Haigh packs in a lot of details — starting from the time the idea was first floated, the various characters involved, how the recruitments were made and the opposition from various national cricket boards and the world body governing cricket, International Cricket Conference (as the International Cricket Council was then known). He captures the mood brilliantly by reproducing conversations on and off the field between players and organisers — full of Australian slang and cuss words. The scorecards of the WSC Supertests, included at the end of the book, give a sneak preview into the quality of the WSC games.

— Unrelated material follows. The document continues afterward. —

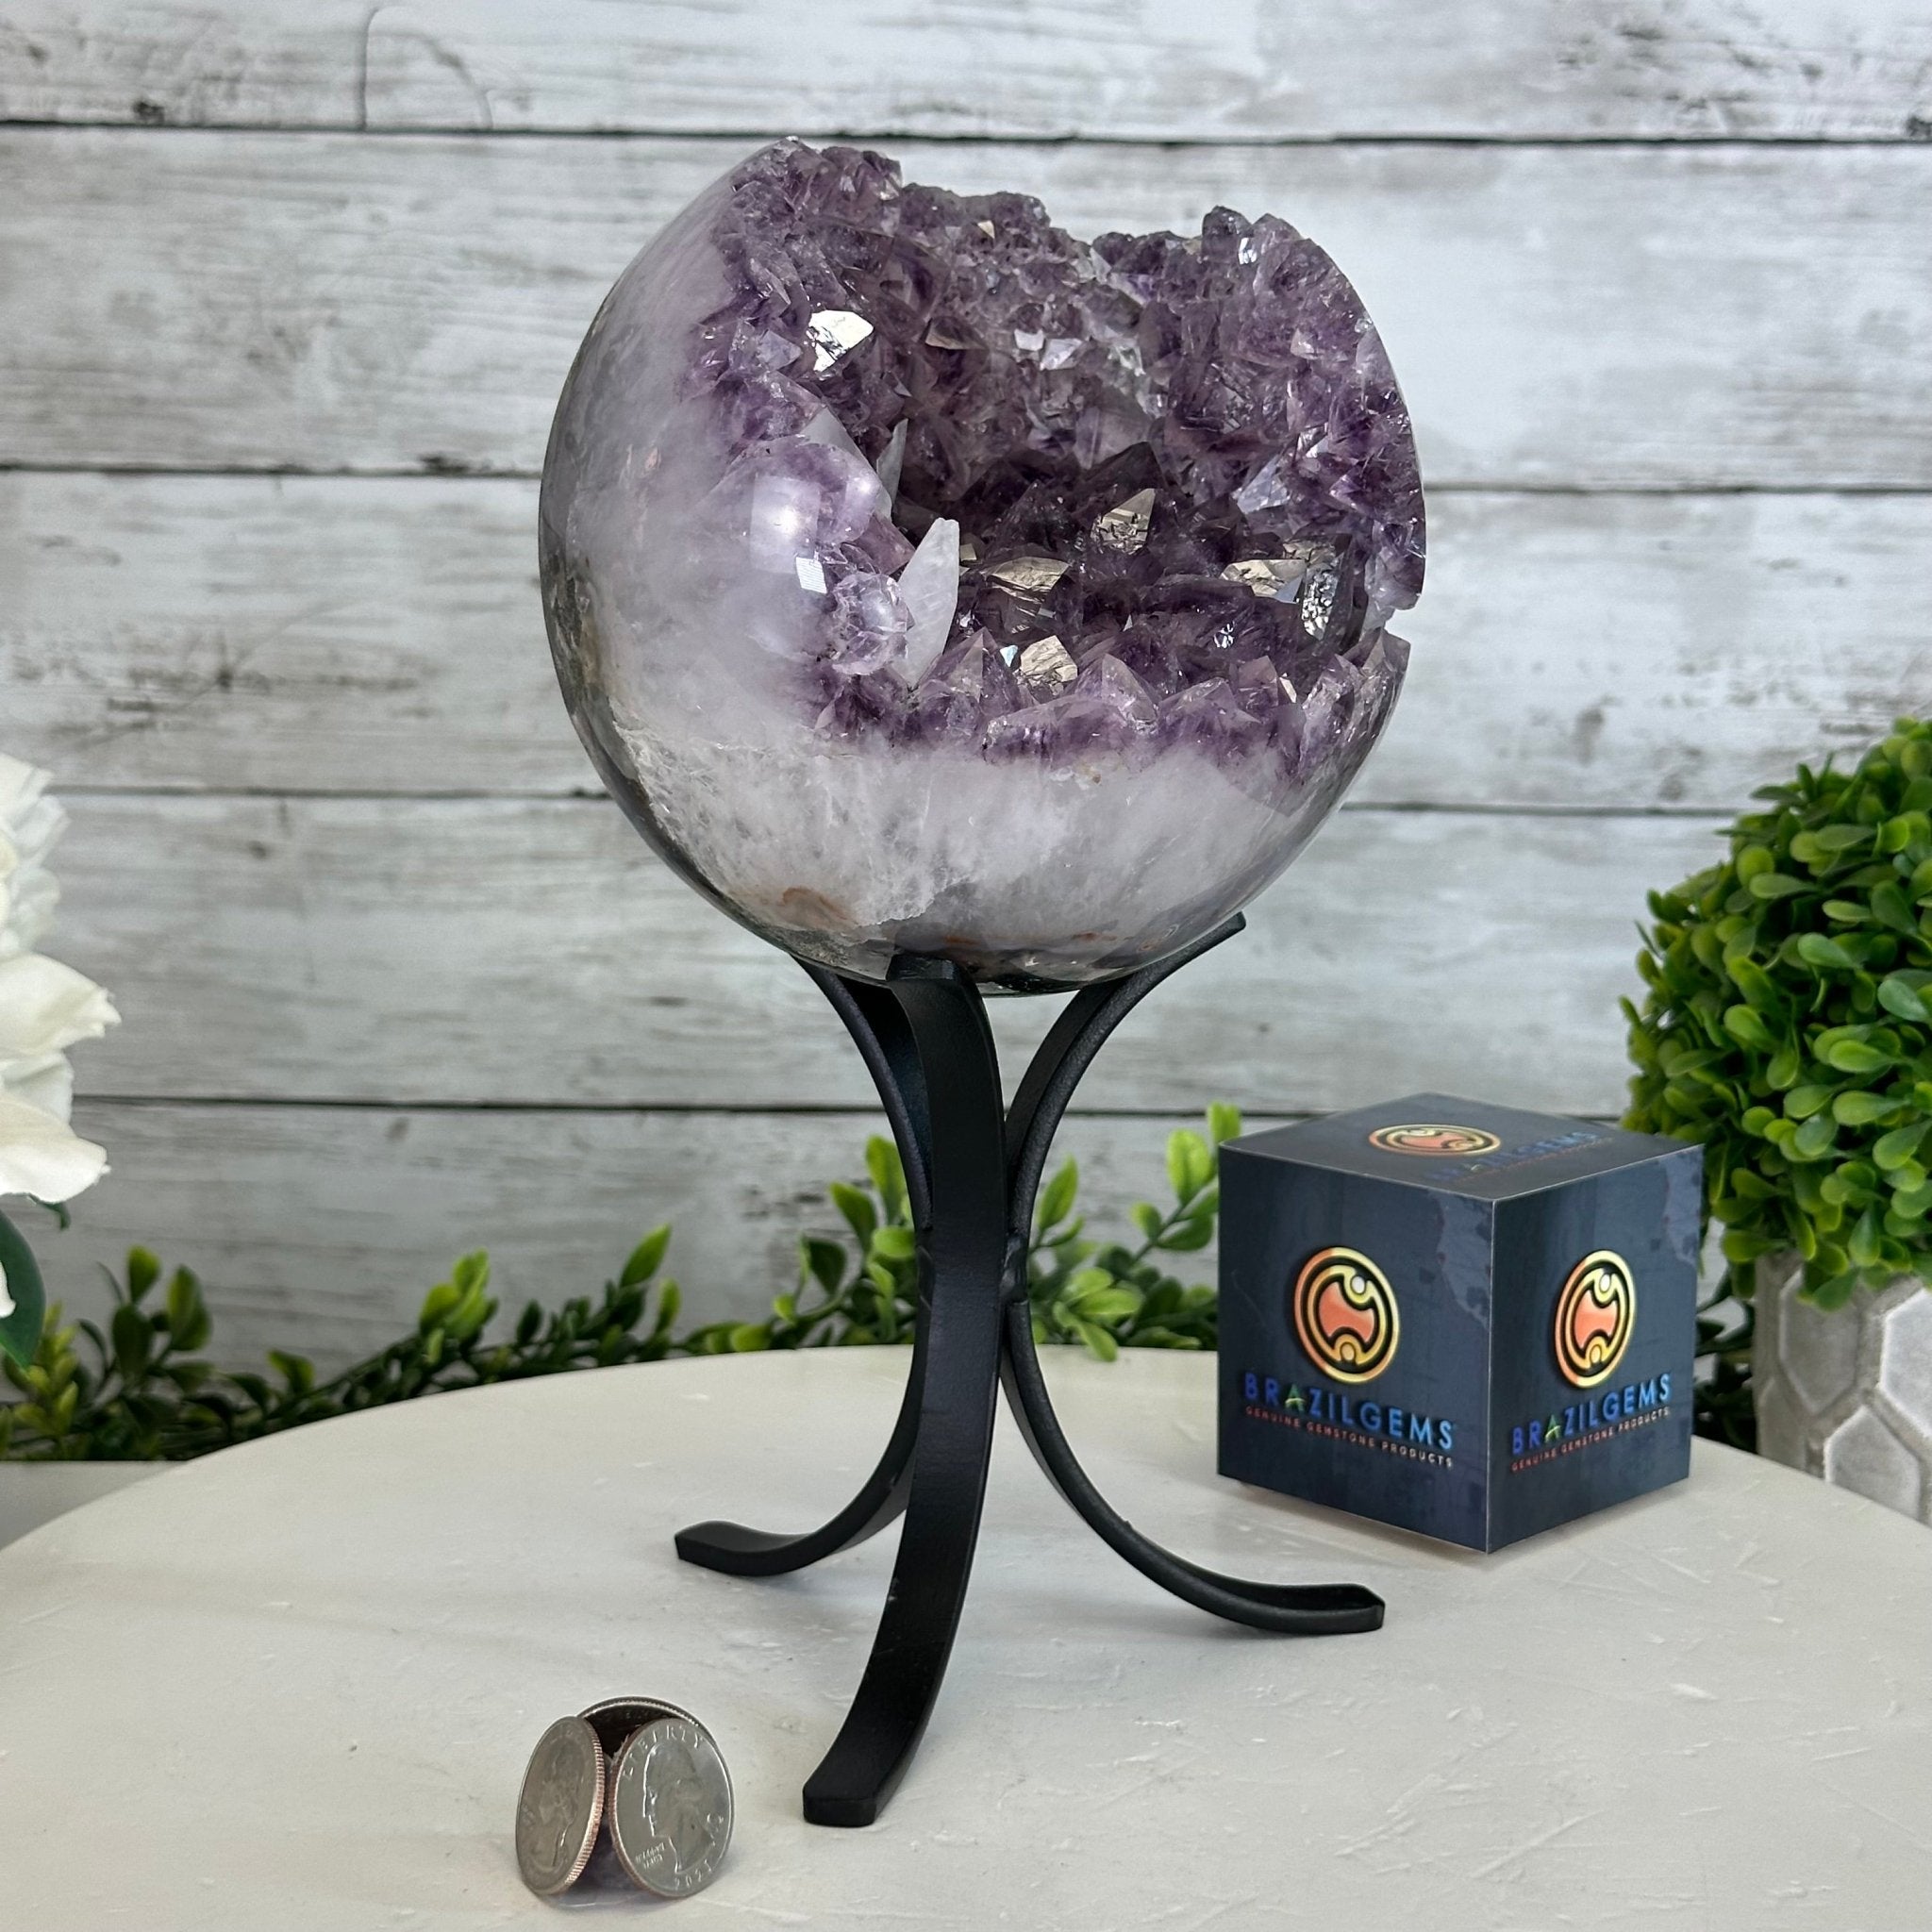 Druzy Amethyst Sphere on a Metal Stand, 5.6 lbs & 9.9" Tall #5630-0066 - Brazil GemsBrazil GemsDruzy Amethyst Sphere on a Metal Stand, 5.6 lbs & 9.9" Tall #5630-0066Spheres5630-0066

There have been many books written on the subject including one by Australian journalist Peter McFarline who first broke the news of WSC, but Haigh does a thorough job of covering all the aspects, including the controversies — just the index, with references to many books and periodicals, runs to nearly five pages. It's a commendable feat, considering The Cricket War was only Haigh's second book — he has written 30 more at last count, besides editing many others.

Packer's WSC was a watershed in the history of the game — the Indian Premier League and all the other T20 leagues that dot the cricket calendar today, and the enormous sums that accrue to the sport from television rights can all be traced back to it. Read today, the words of Packer recruit and former Pakistan captain Asif Iqbal, spoken back in 1978, are almost prescient of the changes to come: "I would not be surprised if tomorrow, a keen youngster approached a top cricketer for the latter's autograph and got a quick reply: 'talk to my manager first'."

Will the current generation of cricket fans in India like the book? It's hard to say, but the book is certainly enlightening. Readers will, however, need patience to go through the copious details and the match descriptions which, at a time when you only have to click a button to get scores of the match may seem irrelevant.